Most authors of reliability studies have reported intraclass correlation coefficients (ICCs) for their data. This would be inappropriate for our data because testing was conducted on several homogenous populations (ie, stable water baths). Intraclass correlation coefficients are used to assess the variability among judges (eg, people, instruments) when multiple participants are measured and a true value is not known.15–17 Intraclass correlation coefficients reflect the ratio of judge variance to participant variance.15–18 If participant variance is low, the ratio is skewed, and a negative or low ICC value results despite low judge variance.16 Our participant variance was 0 because we were measuring stable water baths. Calculations of ICCs for our data would result in extremely low or negative ICC values despite temperature differences of less than 0.05°C.16
Another issue with using ICCs to determine the reliability of our temperature data is that ICCs report the amount of agreement or consistency among judges.16,17 Our research question was “How different are temperature measurements from a known criterion standard (ie, a NIST-calibrated mercury thermometer certified to 0.1°C)?” rather than “How consistent are thermocouples with one another?” If we assessed the consistency of the mercury thermometer and thermocouples, which would dismiss the idea that we know how accurate the mercury thermometer is, we would still have low ICC values because of the low participant variability.

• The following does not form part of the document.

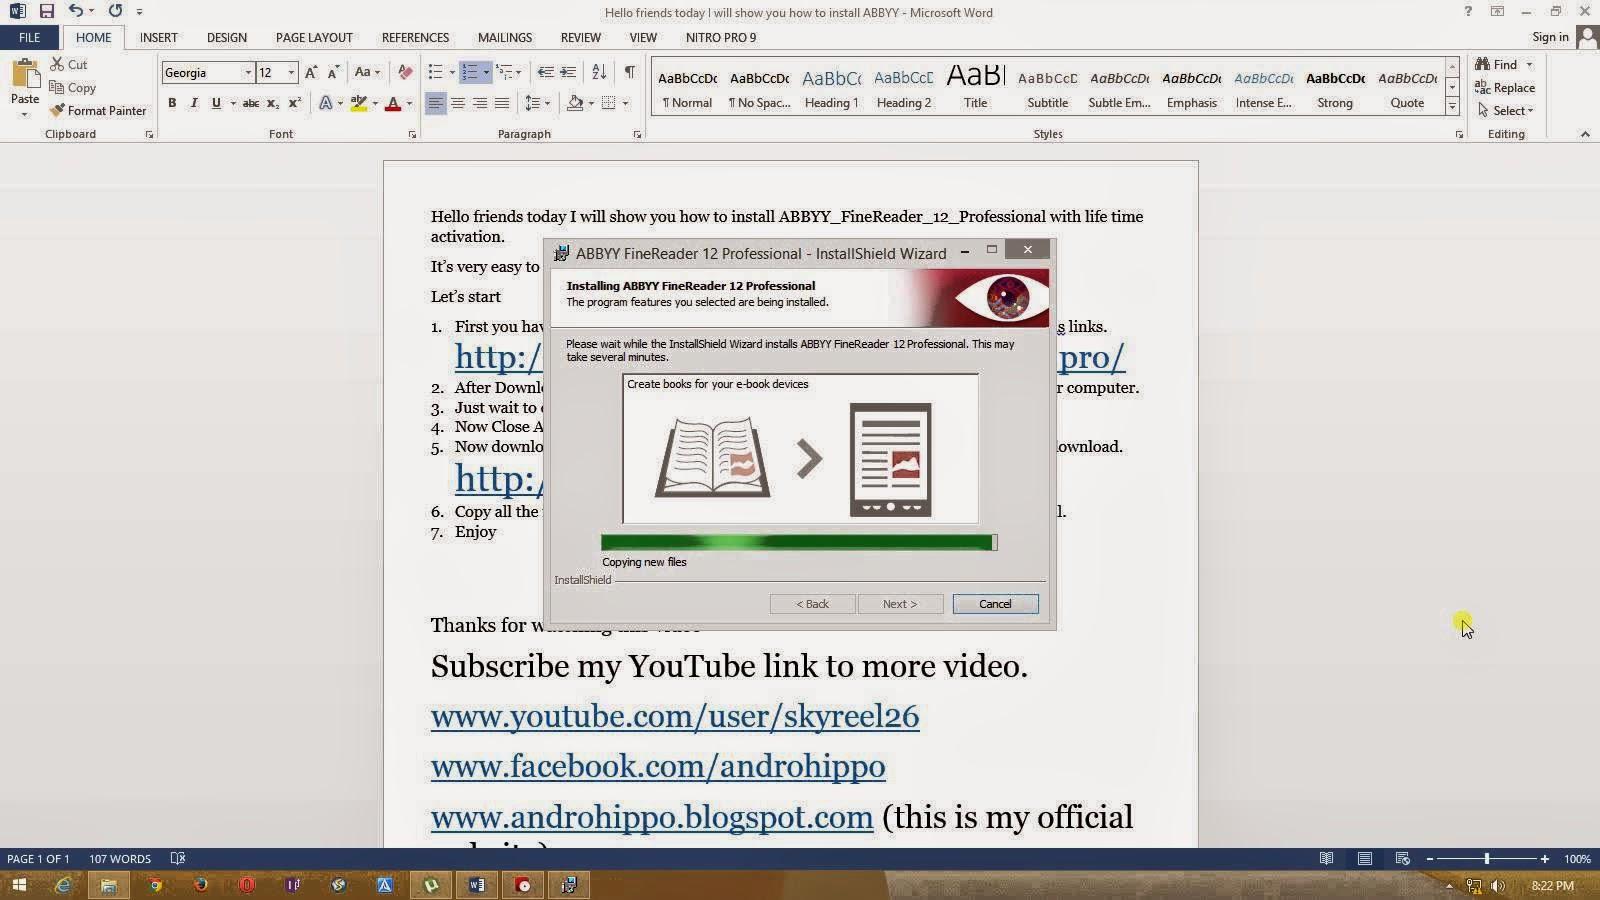 ABBYY FineReader Pro 12 screenshot

Investigators examining temperature changes with therapeutic modalities should be cautious when using IT-21 thermocouples regardless of the electrothermometer used and when using IT-18 thermocouples for temperatures less than 10°C. It may also be helpful for investigators to record the amount of use each thermocouple receives, especially for the IT-21s. We recommend that investigators measure and report the validity, reliability, and calculated uncertainty (validity + reliability) of their temperature measurements. These validity and reliability measurements should be taken at temperatures similar to those expected during the experiment. This information will enable investigators and clinicians to better interpret results and conclusions.